Once collected, sequencing the sample begins. The sample is removed from storage, and a portion is taken to prepare what is called a "library" for sequencing. This is always performed in a wet lab environment, and the chemical methods can be quite complex.

While it sounds easy to read the entire genome by laying all of the chromosomes end-to-end, in practice, there are some problems with this approach. Chiefly, researchers currently lack the biochemical processing abilities to extract and to read such long stretches of DNA quickly and accurately. Additionally, next generation sequencing technologies have their own set of limitations, including:

  • Each nucleotide the sequencer calls is accompanied by a confidence score estimating how likely the recorded call is to be correct. In short, the sequencer's calls are of a probabilistic nature and do not have a zero error rate.
  • As the sequencer observes each nucleotide along the read, the confidence it has in each new call drops so that if allowed to continue eventually the data quality of the last bases would be too low to use reliably.
  • Sequencers can only read DNA fragments because RNA is too unstable. So biochemical methods are employed to reverse the transcription process and produce a DNA fragment that captures the information in the RNA sequence.

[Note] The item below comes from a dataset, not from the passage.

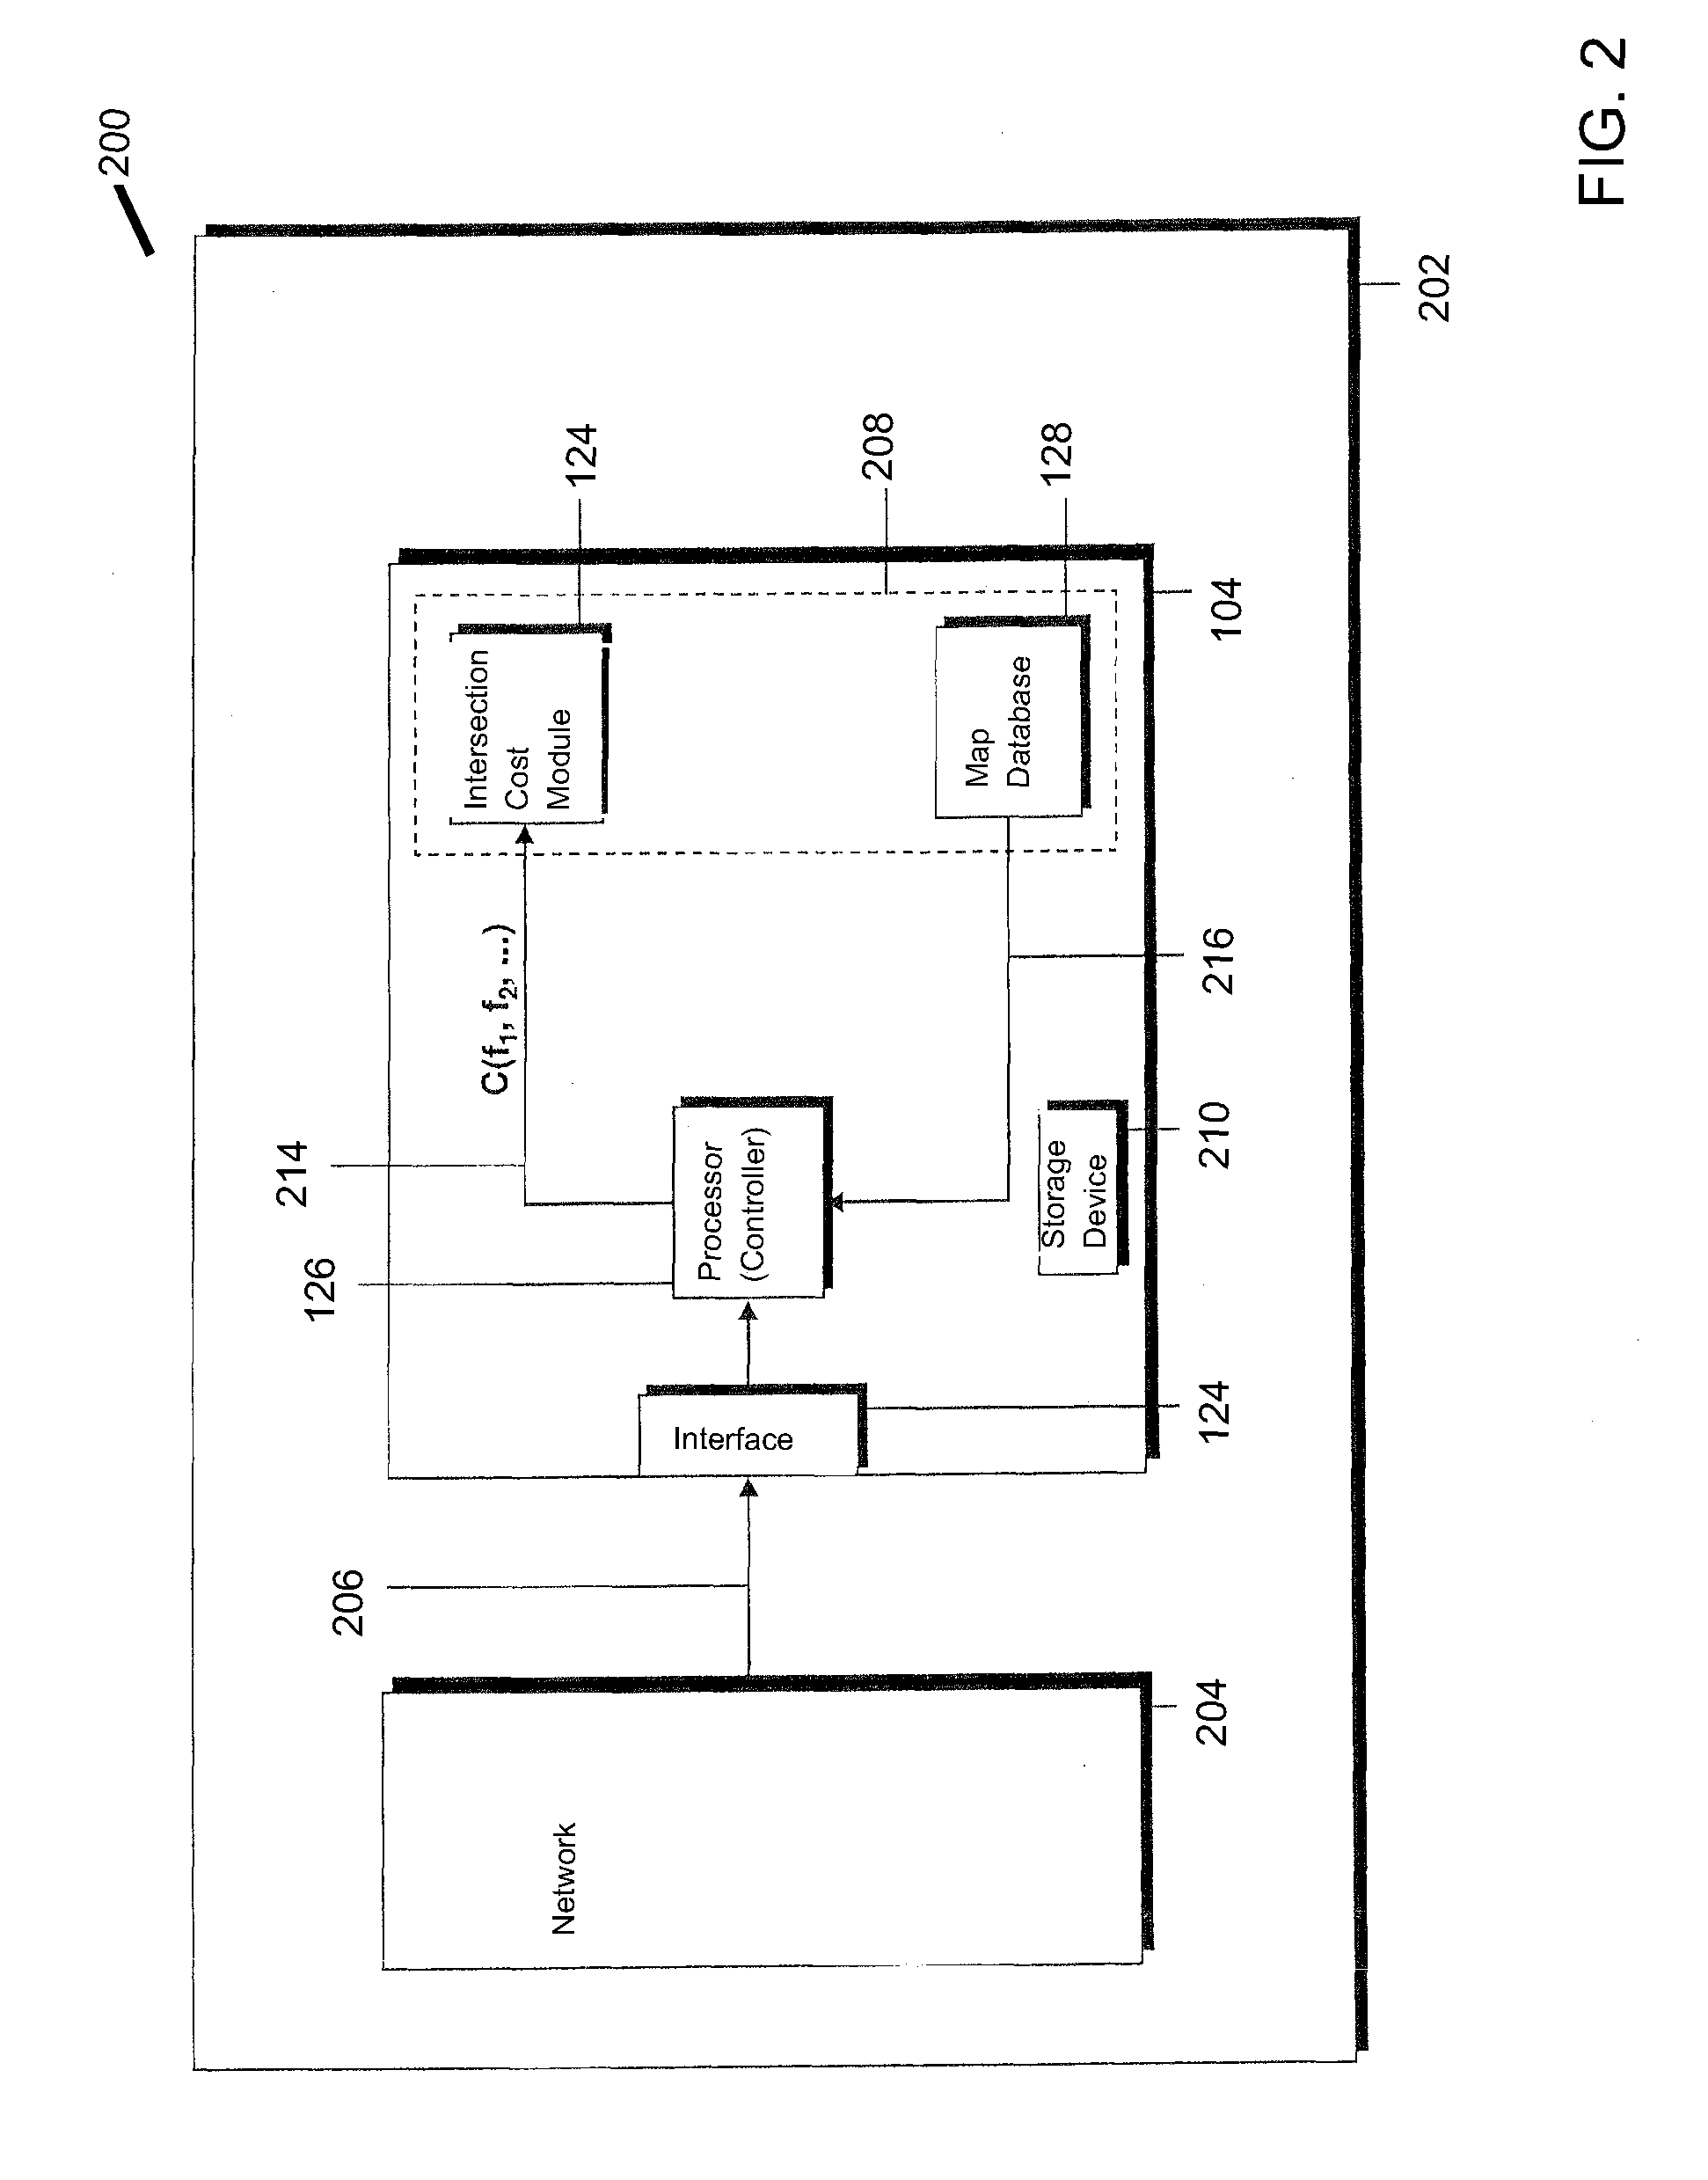 Providing cost information associated with intersections

Given these physical limitations, this process, known as shotgun sequencing, looks like the following:

  1. The sample's DNA is fragmented into billions of smaller DNA pieces that are somewhere between tens to thousands of bases long.
  2. This soup of DNA fragments with randomly distributed lengths is then put through a filtering step called "size selection". Only DNA fragments of a certain length will remain (typically somewhere between 200-500 bp, where bp stands for base pair).
  3. Among many other important steps to prepare the DNA library for sequencing is "adapter ligation". This process involves tacking on special sequences to both ends of the DNA fragment which is required by the sequencing process.
  4. Optionally, a chemical amplification step, known as Polymerase Chain Reaction (PCR), can be conducted to increase the amount of genomic material available for sequencing.
  5. The sample is loaded onto a flowcell and put into an Illumina sequencer, which is capable of reading millions of DNA fragments and capturing the results digitally.
  6. Once the sequencing is complete, the sequencer closes the sequencing session by creating a directory of BCL files (Illumina's proprietary storage format). These are immediately converted to a FASTQ file (standard DNA storage format), typically the "input" to a computational team.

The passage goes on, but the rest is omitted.